PeriphAR: Fast and Accurate Real-World Object Selection with Peripheral Augmented Reality Displays

Abstract

Gaze-based selection in XR requires visual confirmation due to eye-tracking limitations and target ambiguity in 3D contexts. Current designs for wide-FOV displays use world-locked, central overlays, which are not conducive to always-on AR glasses. This paper introduces PeriphAR (per-ree-far), a visualization technique that leverages peripheral vision for feedback during gaze-based selection on a monocular AR display. In a first user study, we isolated text, color, and shape properties of target objects to compare peripheral selection cues. Peripheral vision was more sensitive to color than shape, but this sensitivity rapidly declined at lower contrast. To preserve preattentive processing of color, we developed two strategies to enhance color in users' peripheral vision.
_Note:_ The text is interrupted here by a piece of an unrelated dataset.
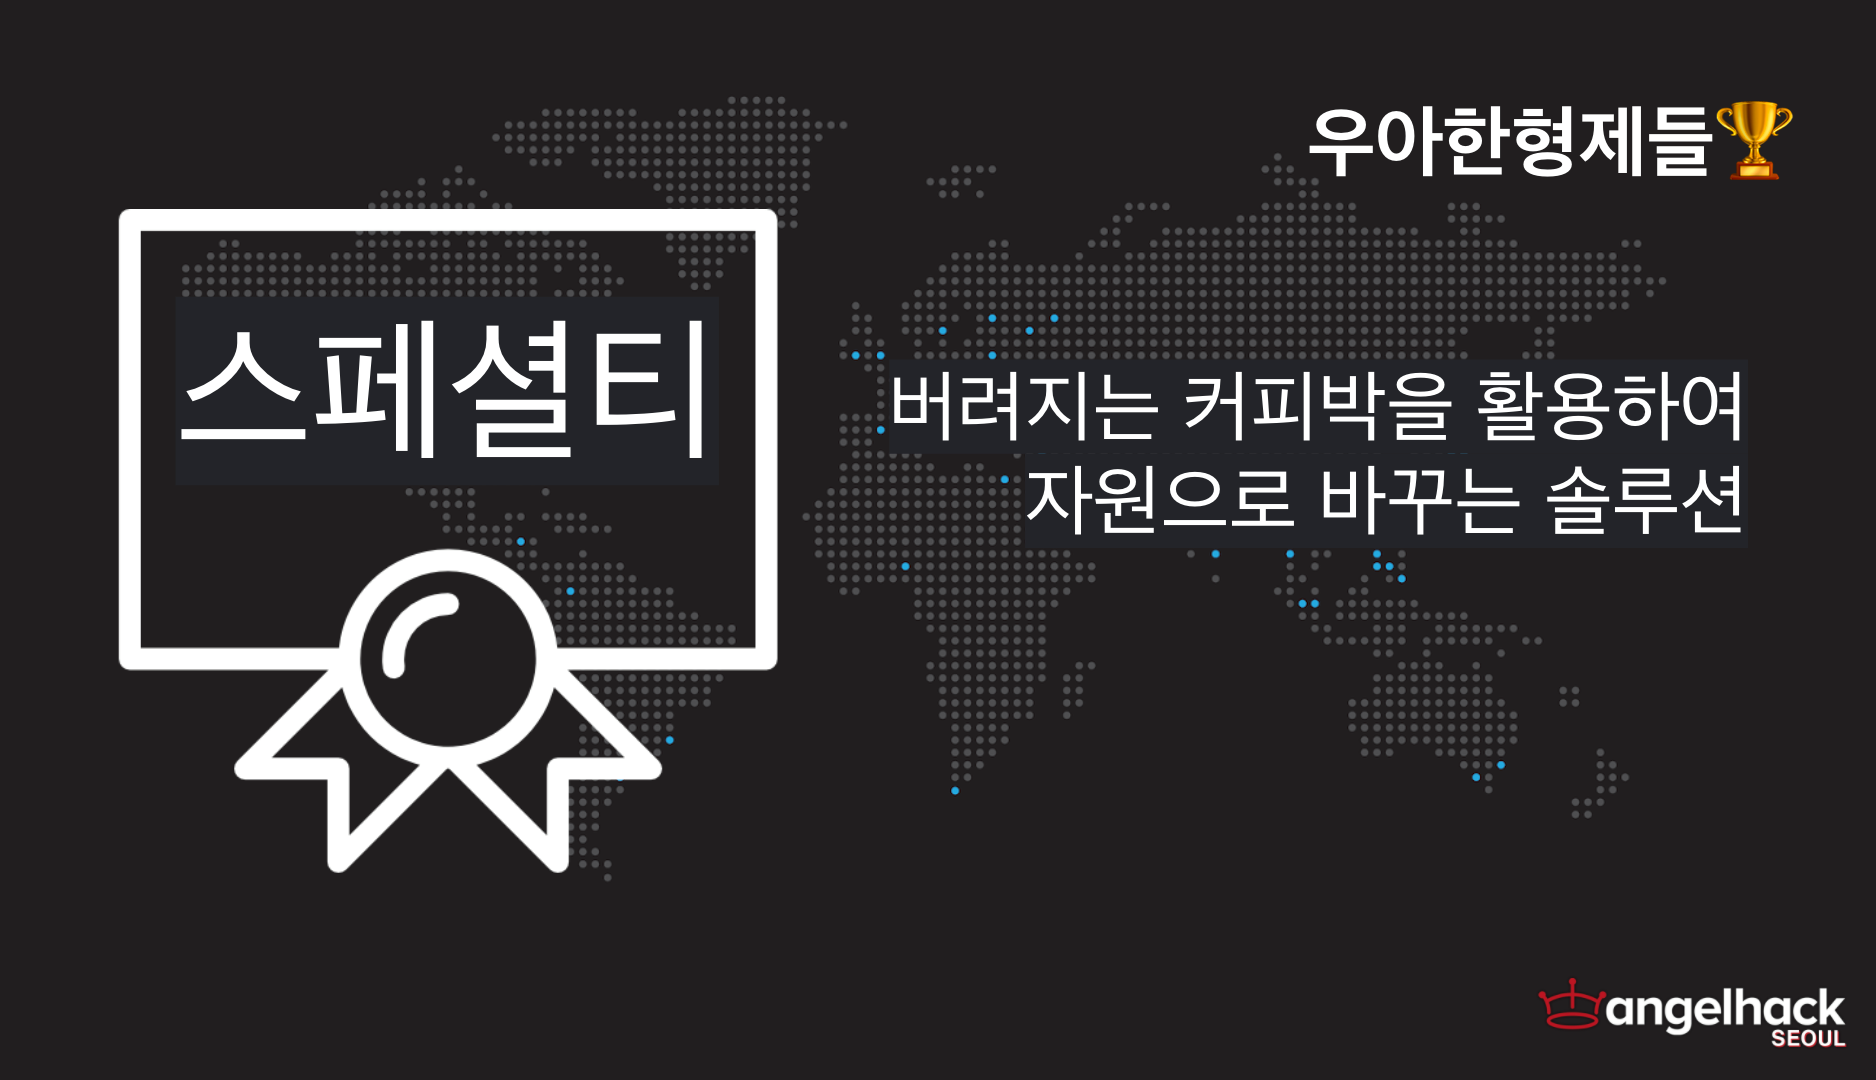 angelhack-seoul-2020-online

In a second user study, our strategy that maximized contrast of the target to the neighboring object with the most similar color was subjectively preferred. As proof of concept, we implemented PeriphAR in an end-to-end system to test performance with real-world object detection.

Figures (17)

• Figure 1: Our system consists of four components: (1) peripheral AR display emulation simulates monocular AR glasses with limited FOV on Quest Pro, while (2) gaze-driven object selection uses eye tracking and video passthrough for object selection; (3) real-world target simulation enables simulation of target objects using virtual 3D shapes and models in world space, while (4) peripheral proxy generation creates a visual representation of the real-world target on the simulated display screen. The system was used in two studies to determine key object properties for visually salient target representations.
• Figure 2: Our system measures display peripherality based on gaze dynamics: a design that requires less time to look at, and fewer gaze transitions into, the display means it provides better peripherality. By structuring the visual field into a gradient (blue) around the simulated display, we compute the ambient value ($A$) of each gaze sample as: (1)$A=0$, when the vector points in-world and away from the display, (2)$0<A<1$, when in the blue zone modulated within 10$^{\circ}$ in each direction around the display, or (3)$A=1$, when in-display and intersecting with the simulated display's screen area (dotted blue box).
• Figure 3: The tetris game in Study 1 simulated real-world targets using virtual objects in the shape of tetrominoes in four display conditions: the snapshot condition combined the text label (O), square shape in color (blue O), and surrounding objects (green T). The text, color, and shape conditions isolated these attributes as shown on the right.
• Figure 3: Objective metrics.
• Figure 4: The four display conditions used in the tetris game: snapshot with the text label and image of the target with surrounding shapes; text with only the text label; color with only a circle filled in the target's color; shape with only the target's shape isolated in gray.